DES vs Surgery Over the Long Term
Two trials examined long-term outcomes of PCI with DES compared with CABG in patients with advanced coronary disease.
In the 4-year follow-up of BEST, which included patients with multivessel disease, the rate of death, MI, or TVR was higher among those who received everolimus-eluting stents vs those who underwent surgery. The difference was driven by a higher rate of TVR.
And in the 5-year follow-up of PRECOMBAT, which included patients with unprotected left main disease, safety and efficacy were comparable between those who received the sirolimus-eluting Cypher stent (Cordis) and those who underwent CABG. There was no difference in MACCE, although ischemia-driven TVR was more frequent in the DES group.
Additional studies presented at the meeting included:
REGULATE-PCI: A novel anticoagulation system that includes a rapid reversal agent increased moderate-to-severe bleeding and serious allergic reactions without providing improvement in clinical outcomes for PCI patients.
EMBRACE STEMI: In first-time STEMI patients undergoing PCI after a proximal or mid-LAD occlusion, the administration of a novel mitochondrial targeting peptide—Bendavia (Stealth BioTherapeutics; Newton, MA)—failed to reduce infarct size.
After Eighty: Patients over age 80 with NSTE-ACS or unstable angina were less likely to die, suffer an MI, or need urgent revascularization with an early invasive strategy compared with conservative management.
ERRICA: Remote ischemic conditioning prior to on-pump CABG in high-risk patients failed to reduce long-term adverse events.
TVT Registry: Initial US use of transcatheter mitral valve repair with MitraClip has resulted in high procedural success and low complication rates.

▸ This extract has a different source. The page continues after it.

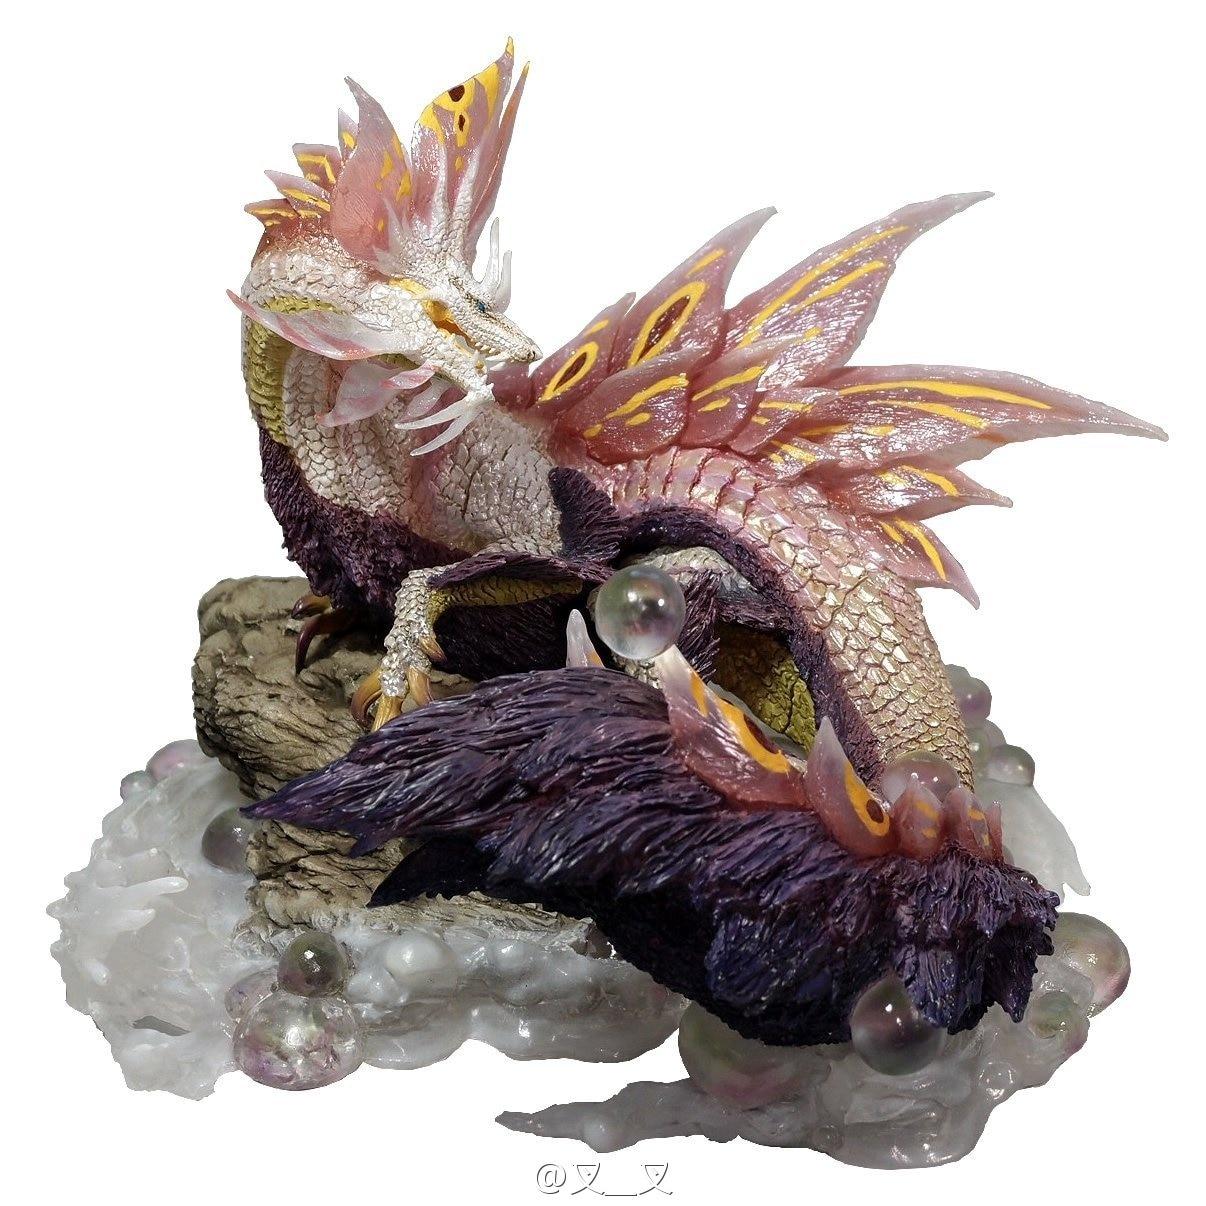 Nouvelle Offre Spéciale Résine Capcom BFC Monster Hunter Bulle maquette de dragon Cadeau Décoration De Bureau Collection Jouet Funko Pop Lol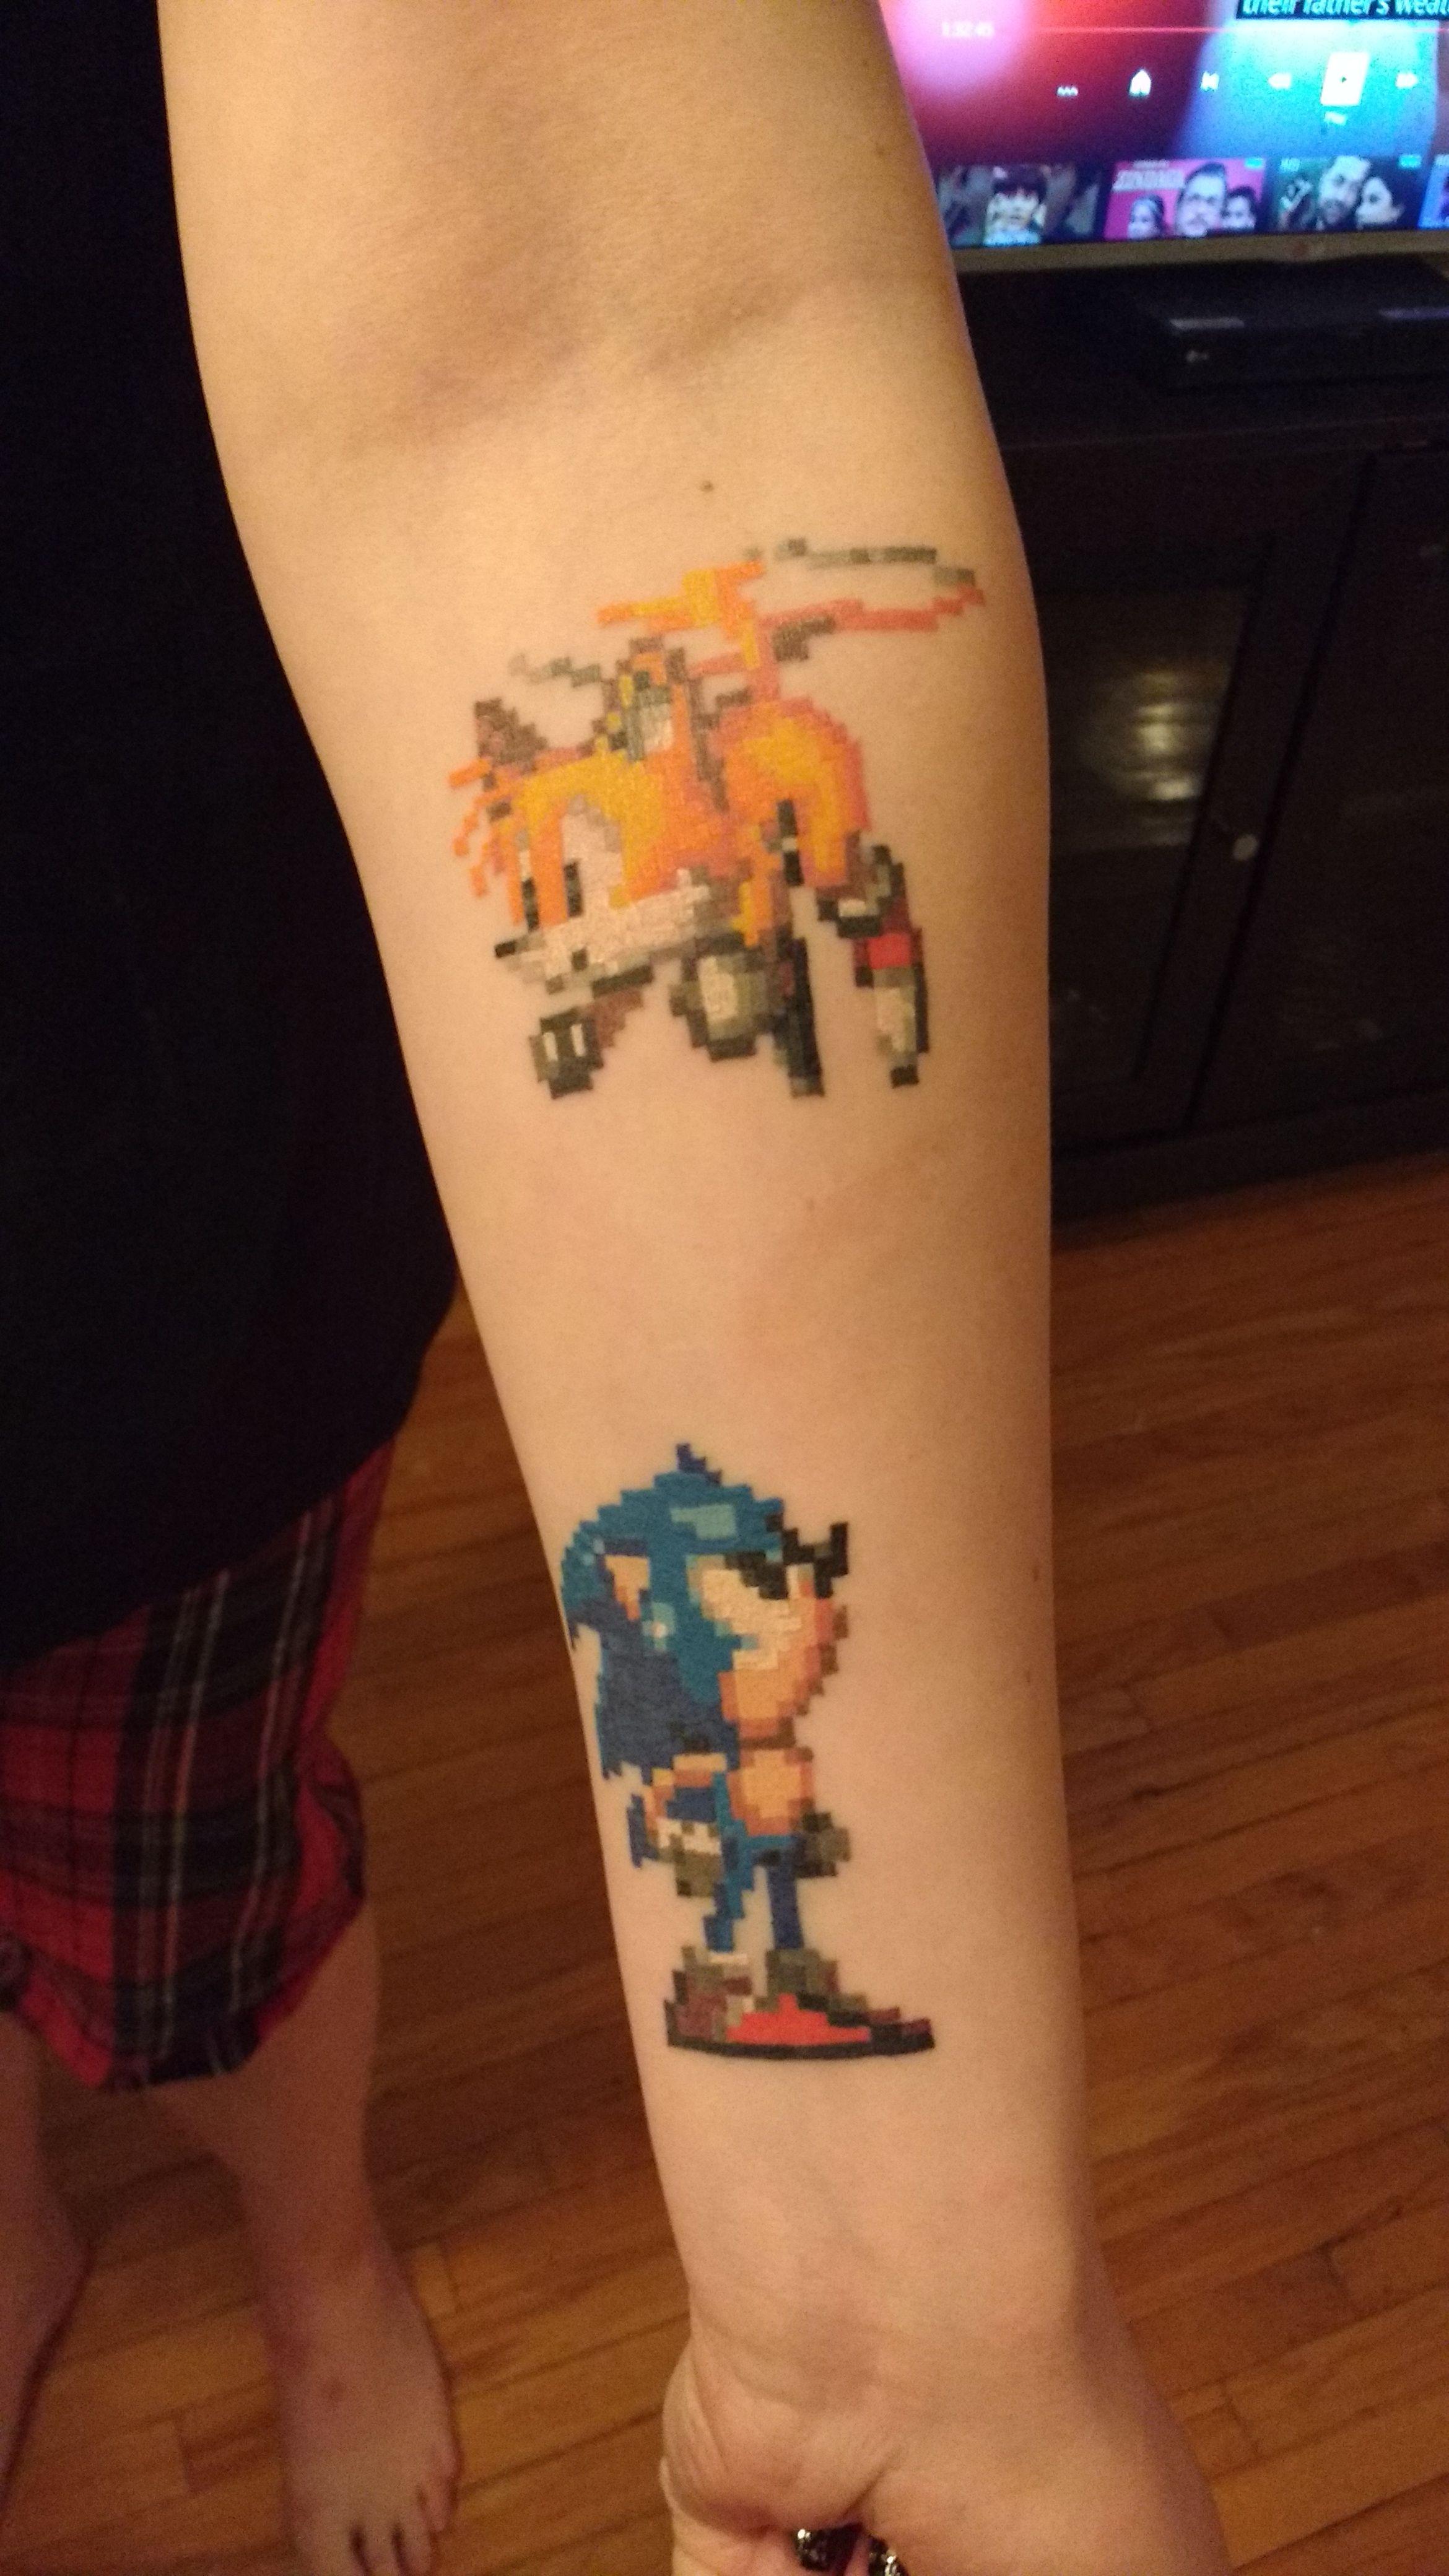 16bit Sonic tattoos Nerdy tattoos, Gaming tattoo, Gamer

In a small before-and-after study, catheter-based denervation of the pulmonary artery was associated with improvements in functional and hemodynamic outcomes and a reduction in pulmonary arterial hypertension–related events in patients with pulmonary hypertension of various causes.
A focused session on building a career in cardiology provided fellows with the key messages of networking with purpose, learning to say yes (and also no), and thinking creatively.
Presentations at: American College of Cardiology/i2 Scientific Session; March 14-16, 2015; San Diego, CA.
- Dr. Kandzari reports receiving consulting fees/honoraria from Boston Scientific, Medtronic, Micell Technologies, and Thoratec.